Die Nation kann und soll und muss ein Ort der Einheit in Vielfalt sein. Sie ist das identitätsstiftende Band, die Versammlung des Bürgerwillens, mithin der Ort der Freiheit und Demokratie.
Wenn man nach Deutschland kommt und hier leben will, dann setzt das voraus, dass man in Deutschland, in diesem Staat mit seinen Gesetzen, Traditionen, mit seiner Geschichte und Kultur und seinen Mentalitäten leben möchten. Niemandem ist es verwehrt, darüber hinaus etwas einzubringen. Ob das, was eingebracht wird, angenommen und weiterentwickelt wird, zeigt die Geschichte. Doch dieses Einbringen, was man auch Integration nennen kann, wird nur sinnvoll auf dem Boden der Einheit, in der Bürgergesellschaft, in der Nation geschehen. Deshalb würden die Migratiantenorganisationen einen großen Beitrag leisten, wenn sie nicht nur ständig Forderungen aufstellen würden wie die Einführung eines Tages der Vielfalt und nach Sonderrechten verlangten, sondern wenn sie den Tag der Deutschen Einheit auch als ihren Feiertag betrachten und Migranten unterstützen würden, sich zu integrieren, sich in diese Kultur und in dieses Rechtssystem wie jeder andere einzubringen.
Die Ostdeutschen erlebten nach 1989 einen kompletten Systemwechsel. Nicht wenige standen vor dem Nichts und mussten von vorn beginnen. Bis heute wird Ostdeutschland durch geringere Gehälter im Vergleich zum Westen, auch im öffentlichen Dienst, von geringeren Möglichkeiten zum Vermögensaufbau und zum Aufstieg im Beruf geprägt. Vielen Ostdeutschen ist es unter erheblichen Mühen gelungen, nach der Wende sich eine neue Existenz aufzubauen. Diese Leistungen haben Ostdeutsche auch erbracht mit Blick auf ein Leben in Einheit und in Freiheit in einem demokratischen Deutschland.

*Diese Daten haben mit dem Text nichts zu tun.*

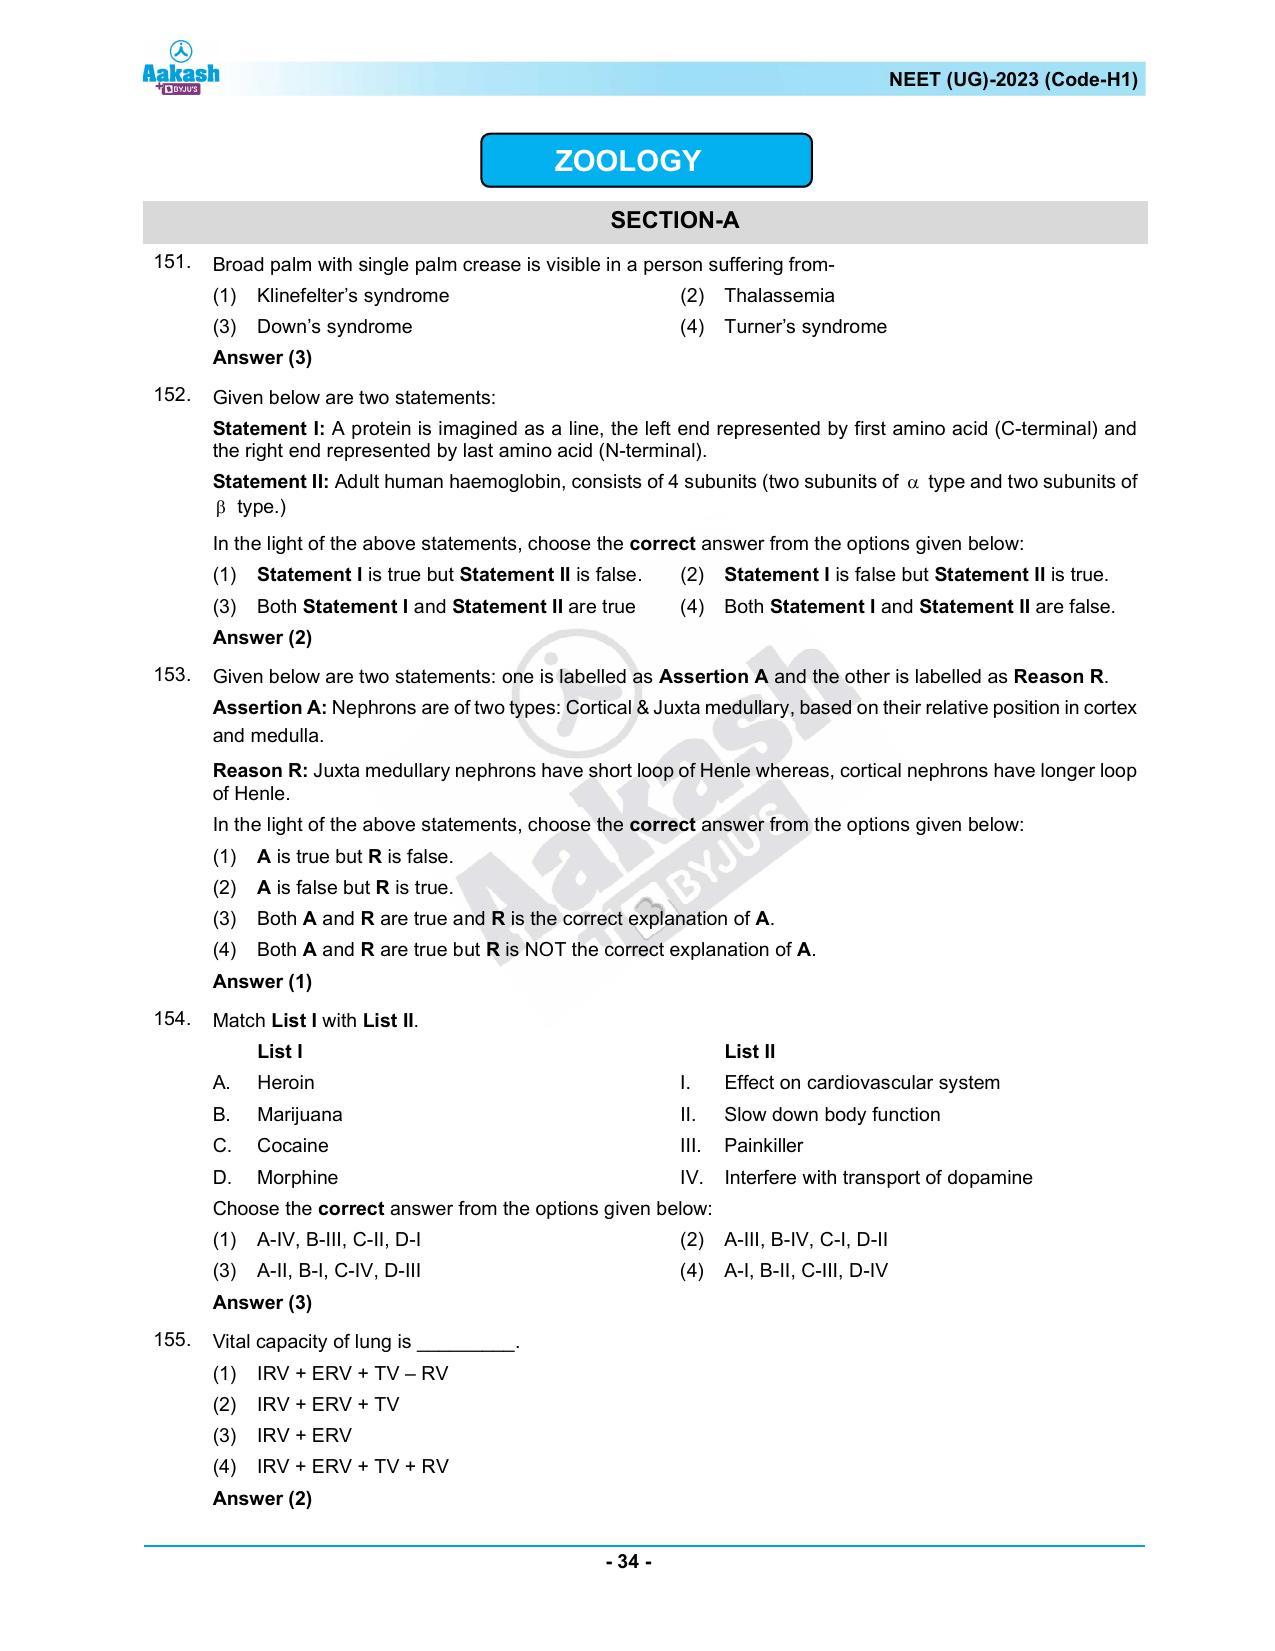 NEET 2023 Question Paper H1 - Page 34

Seit einiger Zeit geistert durch die Presse und durch die Medien die Behauptung, die Ostdeutschen hätten Nachholbedarf in Sachen Demokratie, allein deshalb, weil sie nicht in dem Sinne von ihren demokratischen Rechten Gebrauch machen, wie man sich das unter rot-grünen Medienschaffenden wünscht. Erstens stehen die Ostdeutschen hiermit nicht allein, denn auch in Westdeutschland wächst die Ablehnung der Politik der Bundesregierung. Zweitens haben die Ostdeutschen sich die Demokratie 1989 nicht nur erkämpft, sie mussten so manch undemokratischen Akt nach 1989 hinnehmen, der von der Verdrängung der ostdeutschen Eliten bis zur Enteignung durch die Treuhand reichte.
Die Erfahrung der erkämpften Freiheit, die zutiefst demokratische und liberale Skepsis gegenüber den Institutionen und der Aufbau einer neuen Existenz in einer vollkommen anderen Gesellschaft, wozu Fleiß, Mut, Beharrlichkeit und Offenheit gehören, ließen ein ostdeutsches Selbstbewusstsein wachsen, das die Ostdeutschen in die deutsche Einheit immer stärker mit einbringen.
Deutschland ist nicht in Ost-und Westdeutschland gespalten. Die Vorstellung von Ossis und Wessis leben nur noch in realitätsenthobenen Redaktionen. Die Deutschen sind sich in vielem näher, als manchem das lieb ist.
Die Deutsche Einheit ist eine widersprüchliche, komplexe, auch mit Schattenseiten versehene Erfolgsgeschichte. Die Auseinandersetzungen finden nicht zwischen Ost und West, nicht zwischen links und rechts statt, sondern zwischen Globalisten und Kommunitaristen, zwischen denen, die Deutschland auflösen wollen, von einer Welt ohne Grenzen träumen und denjenigen, die in ihren Gemeinden und Städten, in ihren Bundesländern und in dieser Republik leben möchten, zwischen denjenigen, die wie Hans im Glück die Einheit eintauschen wollen gegen eine nebulöse, letztlich tribalistische Vielfalt, und denjenigen, die in der Einheit die Grundlage für Freiheit, Demokratie, Menschrechte und Vielfalt sehen.
Feiern wir diesen Tag in Ost und West als Fest der Freiheit und der Heimat.